Again, there is an idol of the art of poetry which suggests that the source of poetical life is to be found in words rather than in ideas. This is of all poetical idols the most seductive, because it presents strongly one side of the truth, and because it is recommended by many brilliant poetical tours de force. Coleridge defined prose to be words in the right order, poetry to be the best words in the right order. And, doubtless, the mere sound of words has the power of raising imaginative ideas, as we see from Keats' lines

Forlorn! the very word is like a bell,
To toll me back again to my sole self!

and we know that the word 'nevermore’ inspired Edgar Poe with his remarkable poem, The Raven. But words, apart from things, can, as a rule, suggest only fragmentary conceptions of life and nature. What can be more delightfully suggestive of coming poetry than the opening of Kubla Khan?

In Xanadu did Kubla Khan

A stately pleasure-dome decree :
Where Alph, the sacred river, ran
Through caverns measureless to man

Down to a sunless sea.

But, as we know, Nature never provided the completion, nor could she have done so, of that wonderful fragment of poetry. Sometimes, indeed, a whole poem containing a definite idea may be constructed on this principle, and a very fine example is furnished by Mr. Swinburne's Dolores, where the aim of the poet has, apparently, been to group a variety of images round the single central phrase, Our Lady of Pain.' Many of the stanzas in this poem completely satisfy Coleridge's definition of poetry, 'the best words in the right order,' but, on the other hand, as the inspiration proceeds from words rather than ideas, there are many other stanzas in it which have no poetical raison d'être, and which diminish the effect of the whole composition. The mode of expression belongs to the art of music rather than to the art of poetry. Horace's rule is inverted: the eloquence and order of the metrical arrangement suggest the idea, not the idea the

I do not say that this method of composition is illegitimate; but it must be evident that such inspiration is of the most fortuitous kind, and that one might as well attempt to make oneself dream the same dream twice over, as to find a regular principle of poetical expression in the metrical combination of words and metaphors.

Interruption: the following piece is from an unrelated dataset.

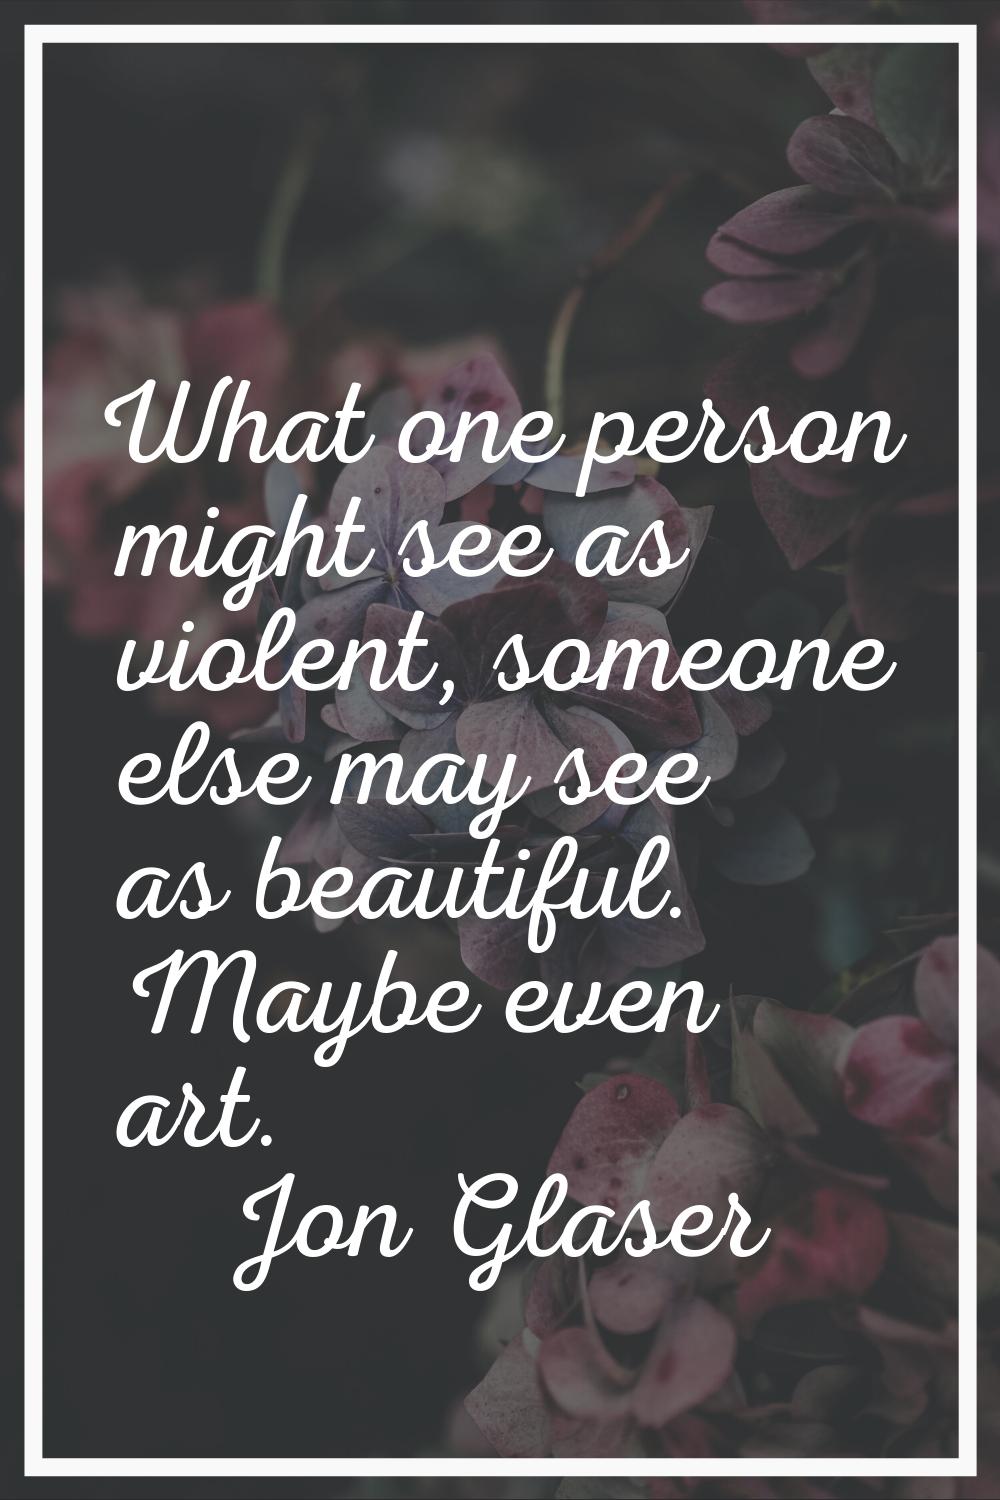 What one person might see as violent, someone else may see as beautiful. Maybe even art.

Few indeed are the metrical compositions that will stand the test I propose, few the poems that answer perfectly to Spenser's description of life in poetry :

verse,

Wise words, taught in numbers for to run,
Recorded by the Muses, live for ay.

But this being so, we may well ask ourselves the question, Why is verse so abundantly produced in our time? Why do we so often find men in these days, either using metre like Wordsworth in the passages I have cited, where they ought to have expressed themselves in prose, or expressing themselves in verse in a style so far remote from the standard of diction established in society that they fail to touch the heart ?

I think the explanation of this curious phenomenon is that though metre can only properly be used for the expression of universal ideas, there is in modern society an eccentric or monastic principle at work, which leads men to pervert metre into a luxurious instrument for the expression of merely private ideas. The metrical form of expression is the oldest form of literary language that exists. In the early stages of society it is used for two reasons, first because, as writing has not been invented, it is the only way of preserving memorable thoughts, and secondly because in primitive times what may be called the poetical or ideal method of conceiving nature predominates over the scientific method. Imagination is then stronger than reason, and the poet is at once the story-teller, the theologian, the historian, and the natural philosopher of society. As society emerges from its infancy more scientific habits of thought are gradually formed; the art of writing is invented ; and men find the means of preserving the records of ordinary observation and experience in prose. Science is always withdrawing fresh portions of nature from the rule of imagination; and no one who is animated by a scientific purpose, and understands how to use language properly, thinks any longer of composing a treatise on astronomy or an historical narrative in verse.

Yet, in spite of these achievements of civilisation and science, it would be a vast mistake to suppose that society in its later stages can dispense with the poet and the art of metrical composition. The deepest life of society is spiritual, ideal, incapable of analysis. What binds men to each other is the memory of a common origin, the prospects of a common destiny, common perceptions of what is heroic in conduct, common instincts as to what is beautiful in art. The unimpassioned language, suitable to law and science, suffices not for the embodiment of these great elemental ideas. The poet alone possesses the art of giving expression to the conceptions of the public conscience, and he is as much bound to interpret the higher feelings of society in the maturity of its development, as the scald or minstrel was bound to act as interpreter for the imagination of the primitive tribe. No other defence of the art of poetry is needed than this, that, only in imaginative creations, metrically expressed, can

common sense.

society behold the image of its own unity, and realise the objects of its own existence.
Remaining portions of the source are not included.